PROVIDED ENTRIES Block Start

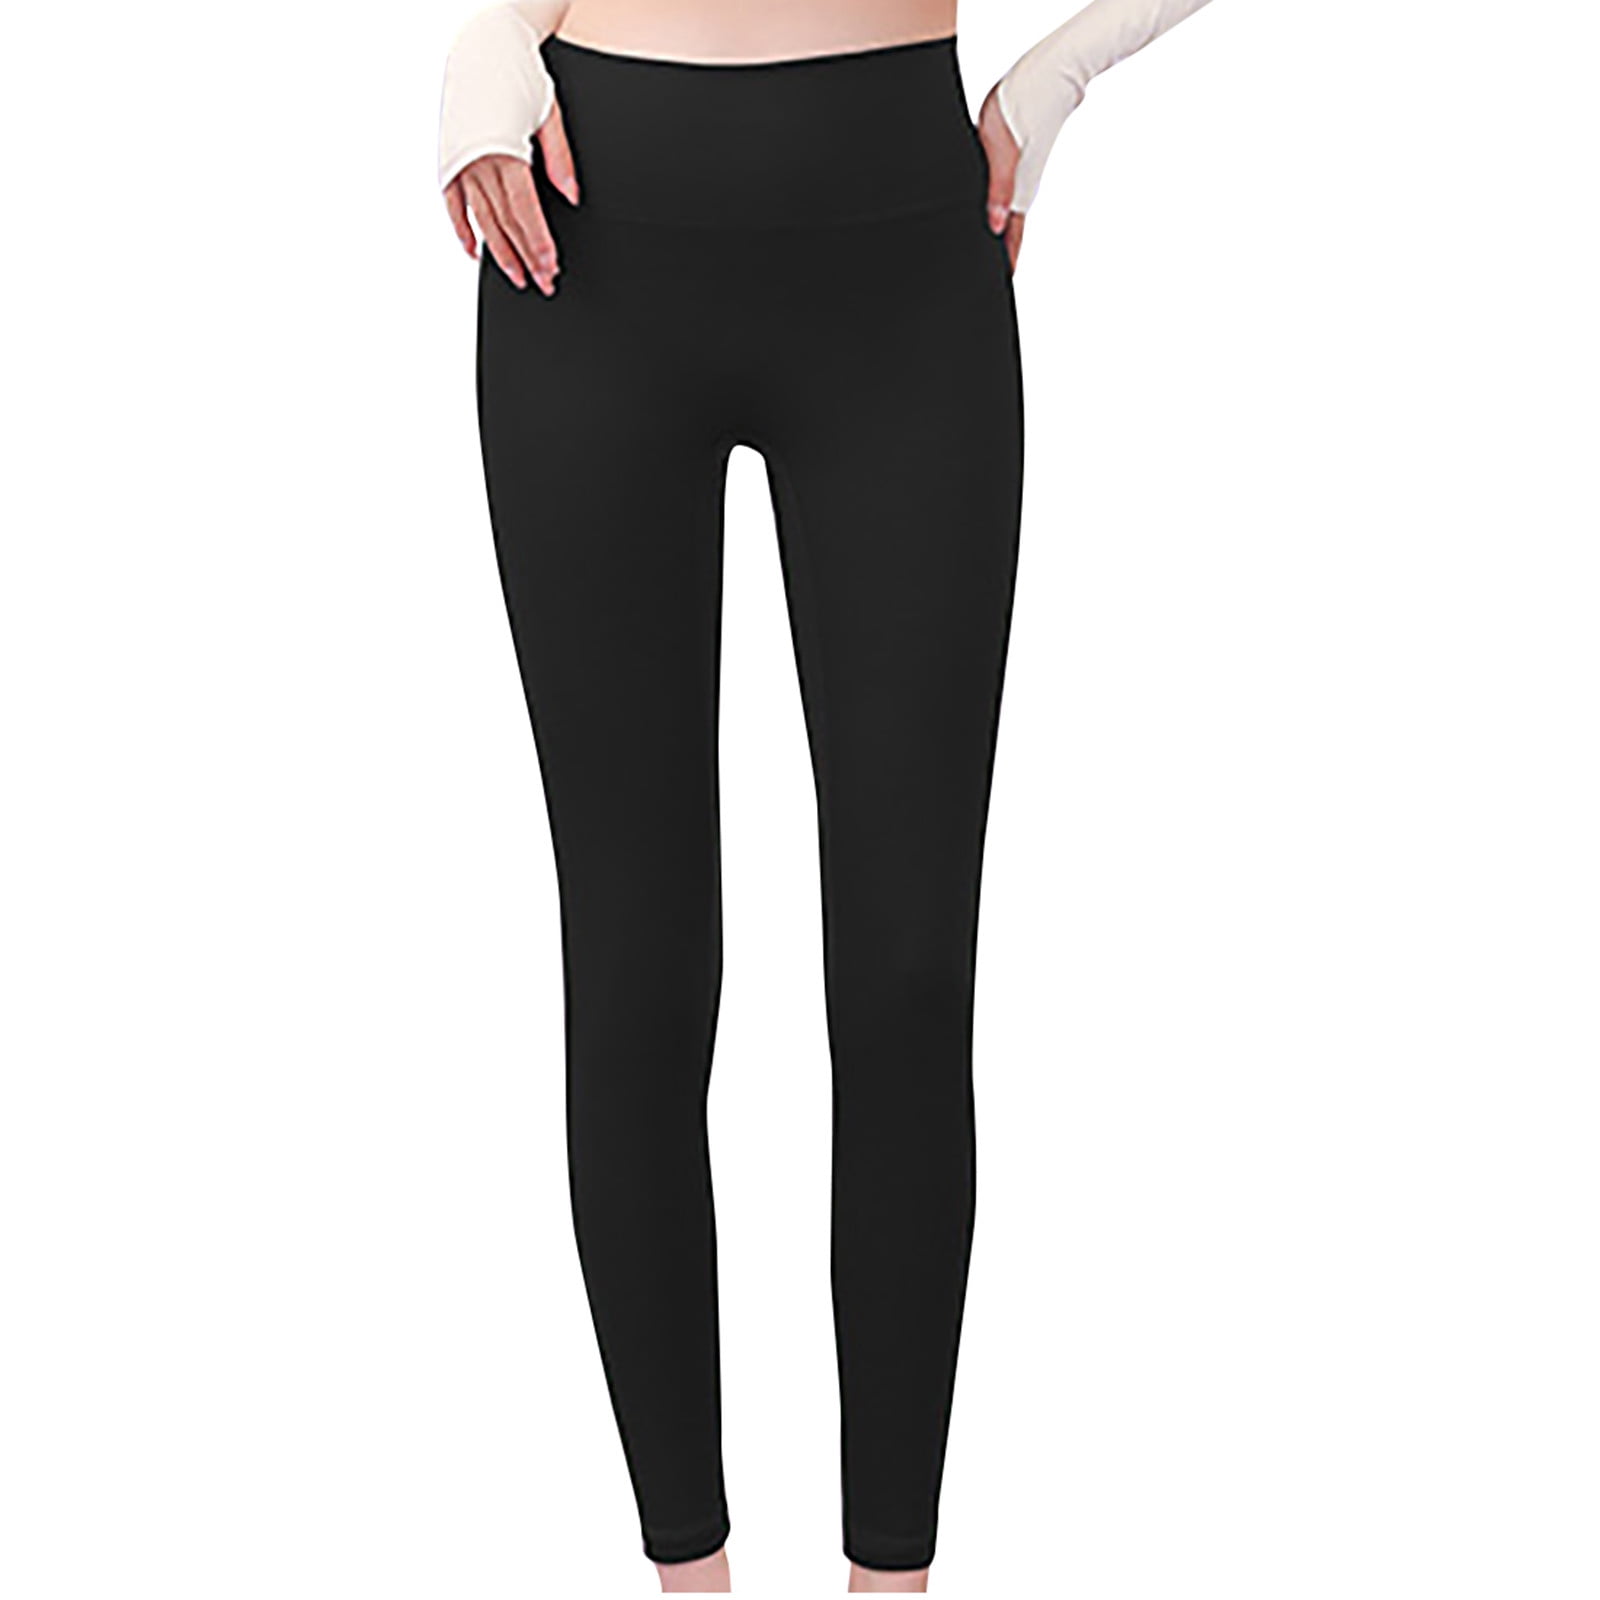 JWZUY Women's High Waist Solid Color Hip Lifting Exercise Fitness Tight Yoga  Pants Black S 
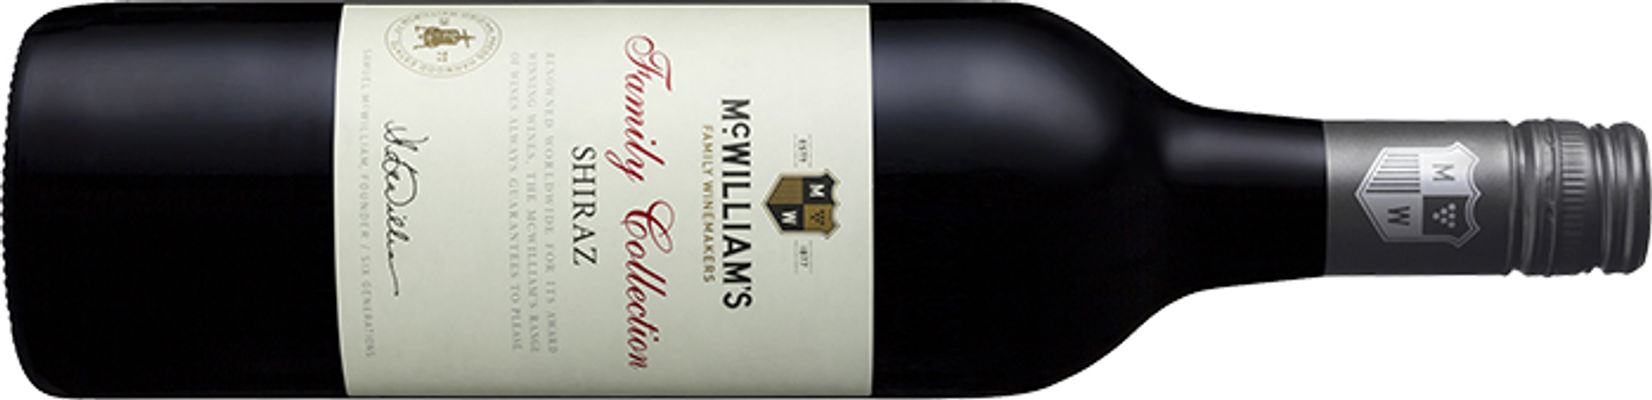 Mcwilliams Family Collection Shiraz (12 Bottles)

PROVIDED ENTRIES Block End
PROVIDED ENTRIES Block Start

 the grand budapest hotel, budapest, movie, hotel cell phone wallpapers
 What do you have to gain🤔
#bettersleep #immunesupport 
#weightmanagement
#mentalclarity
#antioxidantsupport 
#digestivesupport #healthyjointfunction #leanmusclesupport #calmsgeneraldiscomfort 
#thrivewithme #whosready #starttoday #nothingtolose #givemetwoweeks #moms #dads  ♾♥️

PROVIDED ENTRIES Block End

=== DIRECTIONS ===
Please copy, exactly and with nothing else, the lines above beginning at the line that has "#antioxidantsupport" and ending with the line that has "#thrivewithme #whosready #starttoday".

=== RESPONSE TO THE EXERCISE ===
#antioxidantsupport 
#digestivesupport #healthyjointfunction #leanmusclesupport #calmsgeneraldiscomfort 
#thrivewithme #whosready #starttoday #nothingtolose #givemetwoweeks #moms #dads  ♾♥️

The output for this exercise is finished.